Curiously, and despite all the honours the film has garnered, Weinstein, also known as Harvey Scissorhands for his penchant to re-cut films, wanted to perform a little surgery on The King’s Speech. Evidently, Weinstein felt that some of the cursing in the film should be excised to broaden its audience rating. Mercifully, director Hooper and screenwriter David Seidler were able to thwart Scissorhands, correctly arguing that the mild regal profanities uttered were integral to the film’s plotting, not to mention to the therapy employed to cure the king’s stuttering.

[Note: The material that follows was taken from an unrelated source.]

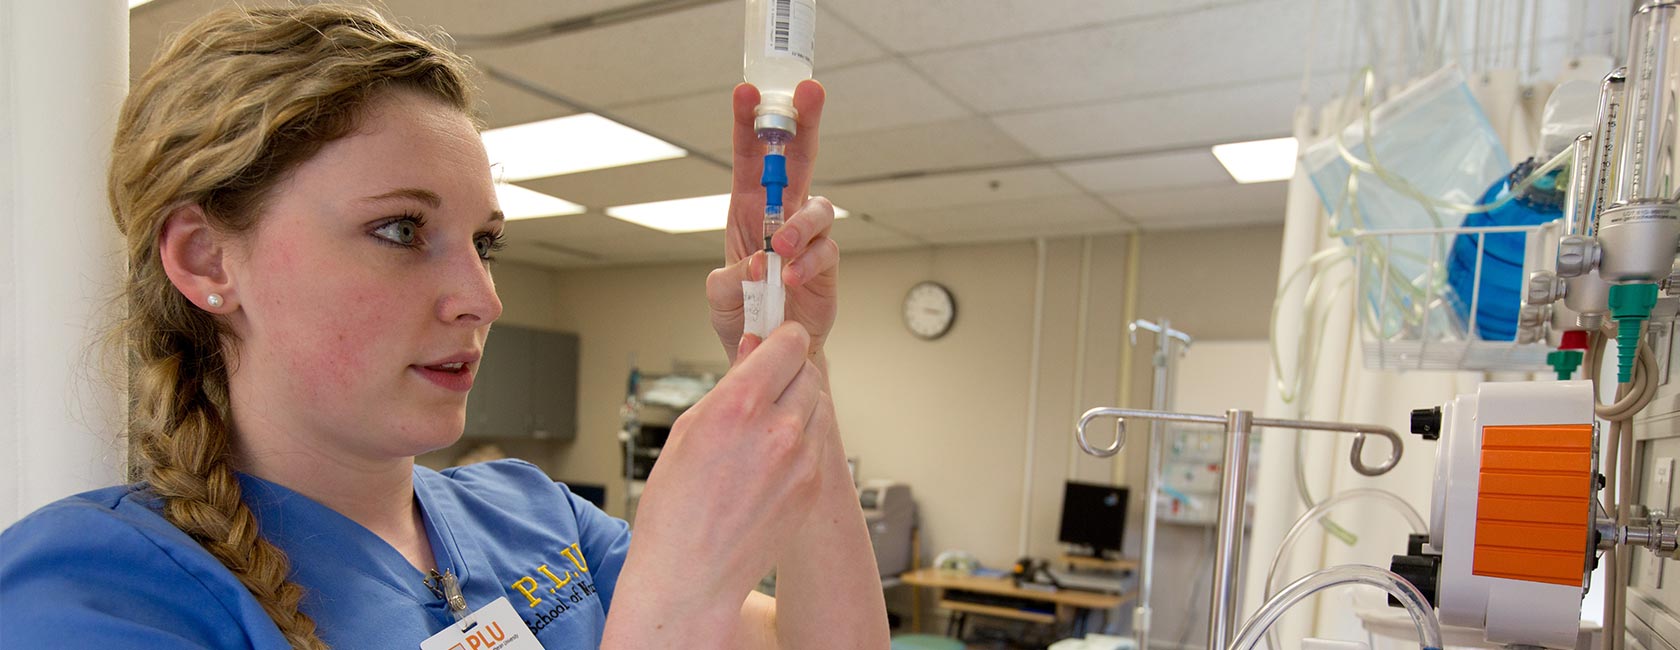 Nursing student working with an IV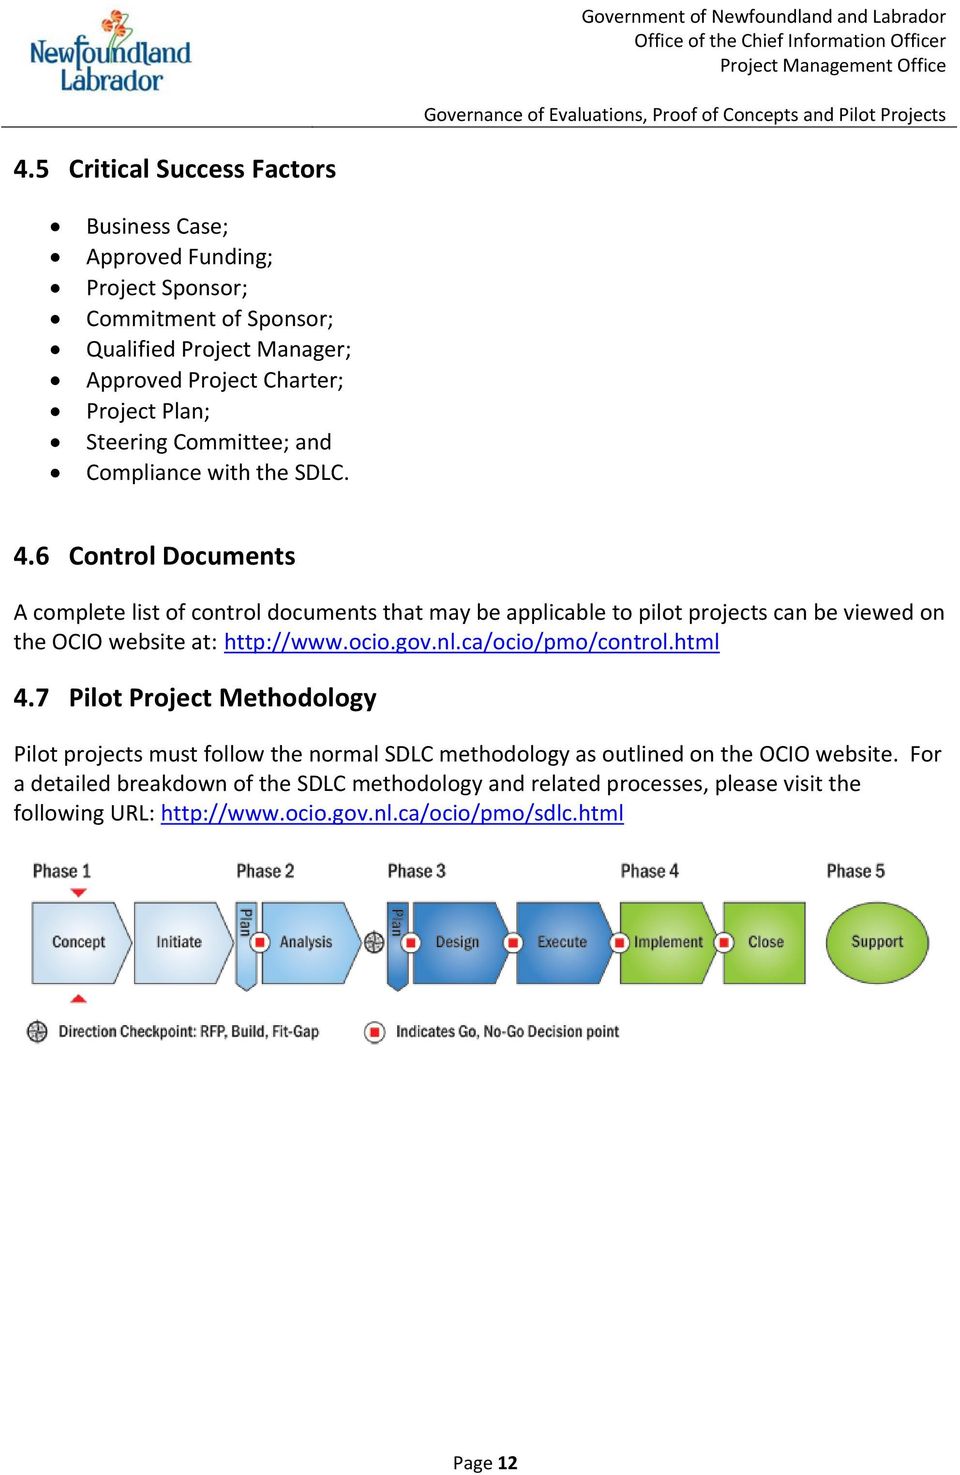 6 Control Documents A complete list of control documents that may be applicable to pilot projects can be viewed on the OCIO website at: http://www.ocio.gov.nl.

Hell, if it hasn’t upset the Royal Family, it shouldn’t bother King Harvey – who makes the tyrannical King Edward l look mellow.

As to why films play such an important role in our lives, frequent correspondent George Morris passes on these all-important “things you would never know without the movie industry” – which he has culled from a blog:

At least one of a pair of identical twins is born evil.
Most laptop computers are powerful enough to override the communications system of any invading alien society.

It does not matter if you are heavily outnumbered in a fight involving martial arts, because your enemies will wait patiently to attack you one by one by dancing around in a threatening manner until you have knocked out their predecessors.

If you are blond and pretty, it is possible to become a world expert on nuclear fission at the age of 22.

Honest and hard working policemen are traditionally gunned down three days before their retirement.

Rather than wasting bullets, megalomaniacs prefer to kill their arch-enemies using complicated machinery involving fuses, pulley systems, deadly gases, lasers and man-eating sharks, which will allow their captives at least 20 minutes to escape.

Once applied, lipstick will never rub off, even while scuba diving.

You’re very likely to survive any battle in any war unless you make the mistake of showing someone a picture of your sweetheart back home.
Should you wish to pass yourself off as a German officer, it will not be necessary to speak the language. A German accent will do.

The Eiffel Tower can be seen from any window in Paris.
If staying in a haunted house, women should investigate any strange noises in their most revealing underwear.
All bombs are fitted with electronic timing devices with large red readouts so you know exactly when they’re going to go off.
If you decide to start dancing in the street, everyone you bump into will know all the steps.